Background: Vatalanib is an orally active, small molecule tyrosine kinase inhibitor of vascular endothelial growth factor receptor (VEGFR). Bevacizumab is also an angiogenesis inhibitor, but it possesses a different mechanism of action. This phase I study was conducted to determine the dose-limiting toxicity, maximum-tolerated doses, and recommended phase II doses of the combination of vatalanib and bevacizumab.
Patients and methods: Treatment cycles were 4 weeks in length. Patients received oral vatalanib once or twice daily continuously. Bevacizumab was administered intravenously starting on day 15 of cycle 1, and dosing was repeated at 2-week intervals in patients with at least stable disease for 4 cycles. After 4 cycles, only patients with a partial or complete response continued treatment with the combination of vatalanib and bevacizumab. Patients with stable disease were allowed to continue single-agent vatalanib from cycle 5 until disease progression or intolerable toxicity.

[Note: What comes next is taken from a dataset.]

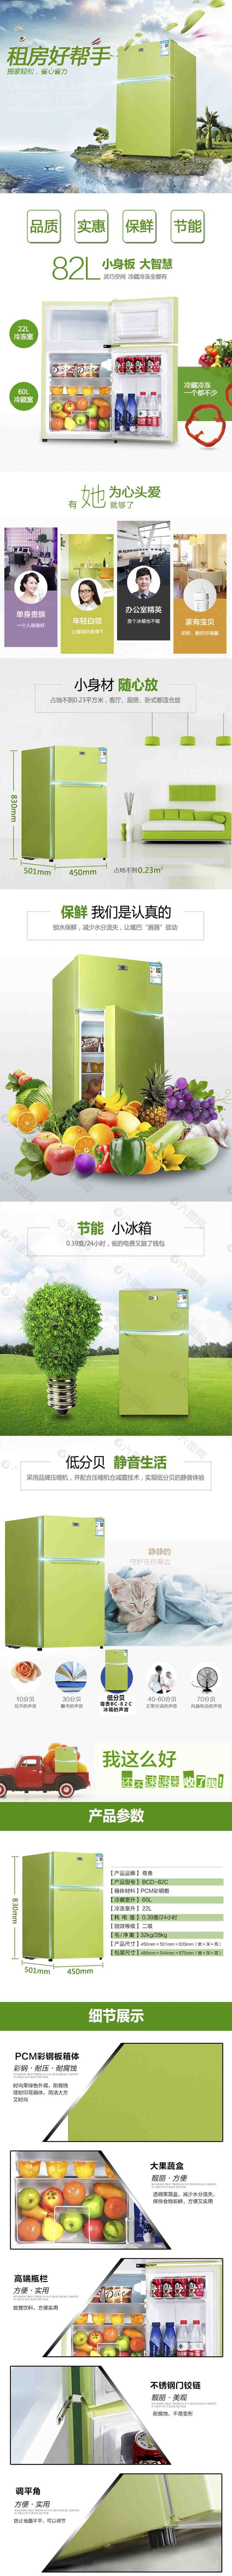 清新果绿冰箱详情页

Results: A total of 27 patients received 93 cycles of treatment. Dose escalation was difficult due to enhanced toxicities (primarily proteinuria and hypertension) with the regimen that required numerous dose modifications. Interruption of vatalanib and bevacizumab dosing due to proteinuria occurred in 4 patients enrolled at dose level 3, with 1 of these patients developing grade 3 nephrotic range proteinuria. As a result, further dose escalation with the combination regimen was abandoned.
Conclusions: Further development of bevacizumab and oral VEGF tyrosine kinase inhibitor combination regimens is questionable due to the additive toxicities that occur; future investigations should proceed with caution.